Project

General

Profile

Task #2134

assess whether Jenkins is testing multi-rank runs appropriately

Added by Mark Abraham over 2 years ago. Updated over 1 year ago.

Status:
Closed
Priority:
Normal
Assignee:
-
Category:
testing
Target version:
Difficulty:
uncategorized
Close

Description

Recent bugs (e.g. #2131 and #2105) suggest that testing of multi-rank mdrun, or -npme > 0 is not occurring appropriately.


Related issues

Related to GROMACS - Bug #2131: mdrun hangs upon "-nsteps " or "-maxh" trigger with more than 20 MPI processesClosed
Related to GROMACS - Bug #2105: multi-domain rerun brokenClosed
Related to GROMACS - Bug #2164: SIMD sqrt in double-precision build does not work correctlyClosed

Associated revisions

Revision 498a4235 (diff)
Added by Mark Abraham over 2 years ago

Limit small essentialdynamics tests to one rank

These systems are tiny, so running a single rank is all that makes sense.
The flooding systems are reasonable for normal DD.

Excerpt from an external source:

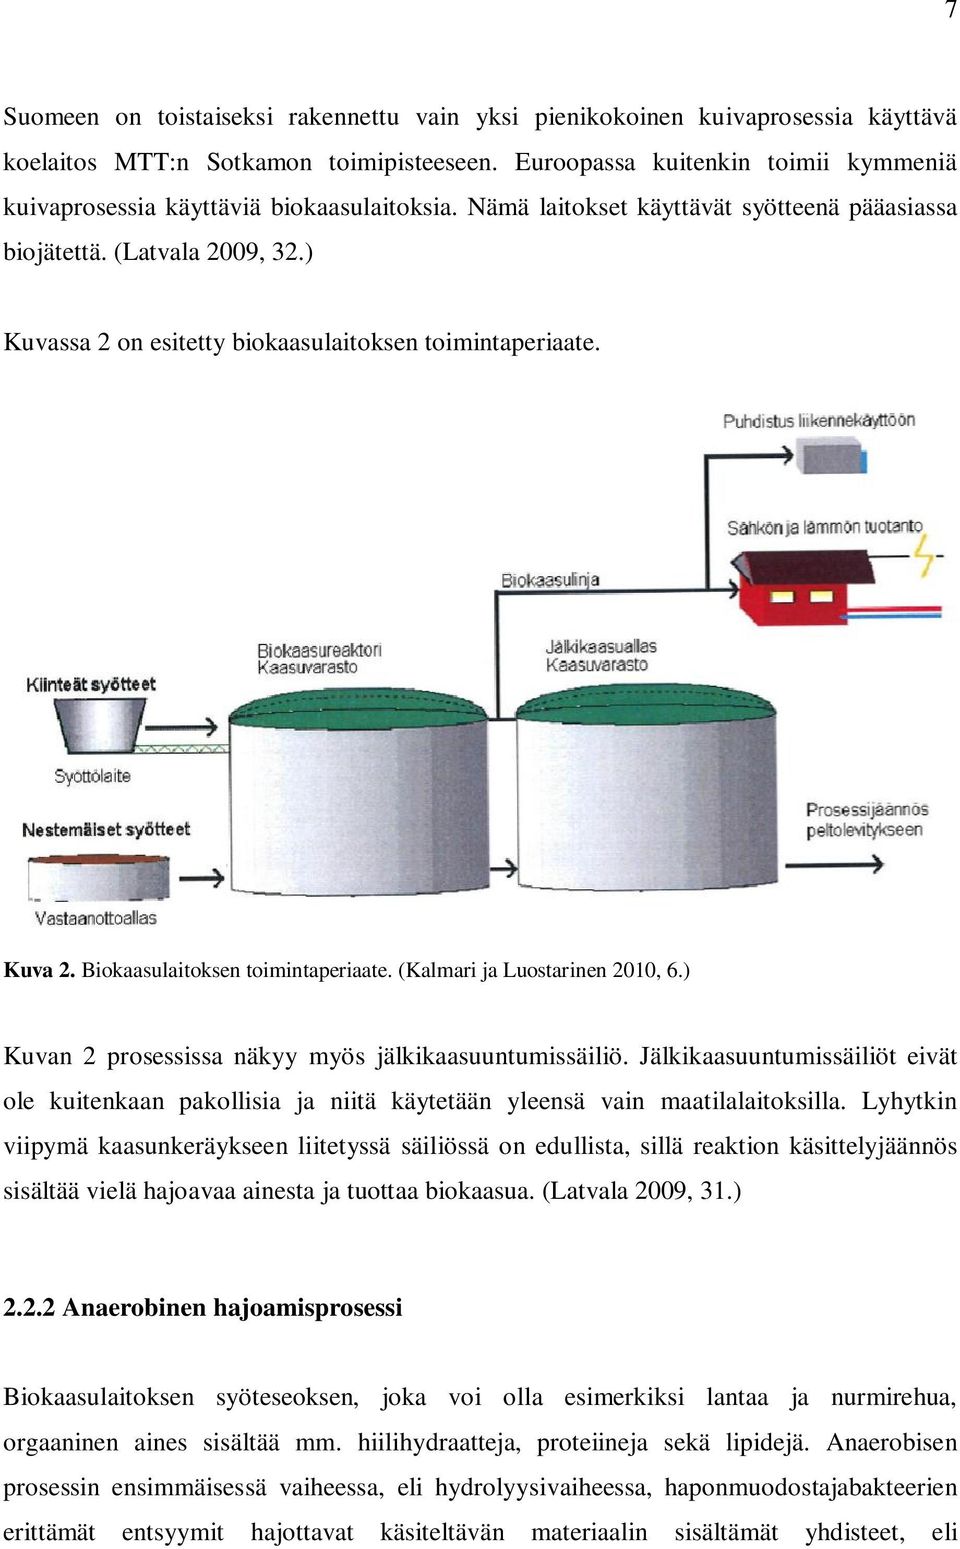 ) Kuvassa 2 on esitetty biokaasulaitoksen toimintaperiaate. Kuva 2. Biokaasulaitoksen toimintaperiaate. (Kalmari ja Luostarinen 2010, 6.) Kuvan 2 prosessissa näkyy myös jälkikaasuuntumissäiliö.

This should help re-implement MPMD releng support.

Refs #2134

Change-Id: Id52f271d91e98f732384640a01b0db728d9a2da1

Revision 877e93df (diff)
Added by Mark Abraham over 2 years ago

Propose a post-submit matrix

A recent bug would have been prevented if some testing of
separate PME ranks had been occuring.

Extended gromacs.py to permit regressiontests to run
with separate PME ranks, and/or designated numbers of
ranks, or GPU ids.

Quieted some newly exposed warnings.

Documented more of the reasoning behind matrix choices, to help us
maintain better. Noted various TODOs for better testing coverage.

Refs #2134

Change-Id: Ib9828ca769d7a446c61fb8bb7a68128a38991aba

Revision a2051ce4 (diff)
Added by Mark Abraham about 2 years ago

Resolve TODO for specifying npme

This meant that the pre- and post-submit matrix configs with npme=1
were not actually testing the intended MPMD path.

Refs #2134

Change-Id: I5adf0691b26d89e248d136b8d93068080014607e

Revision 27246474 (diff)
Added by Mark Abraham about 2 years ago

Fix gmxtest.pl handling of GPU IDs

For example, mdrun -ntmpi 2 -gpu_id 2 would not start 2 PP ranks on
GPU ID 2, which was what we'd intended it to do. Instead, the automatic
repeater would make it run with one rank.

mdrun -ntmpi 2 -gpu_id 01 was OK though.

This change would permit a Jenkins matrix to specify any of

gcc-4.8 gpu gpu_id=1
gcc-4.8 gpu nranks=2 gpu_id=012
gcc-4.8 gpu npme=1 nranks=3 gpu_id=0

and ensures that we get the number and flavour of ranks specified.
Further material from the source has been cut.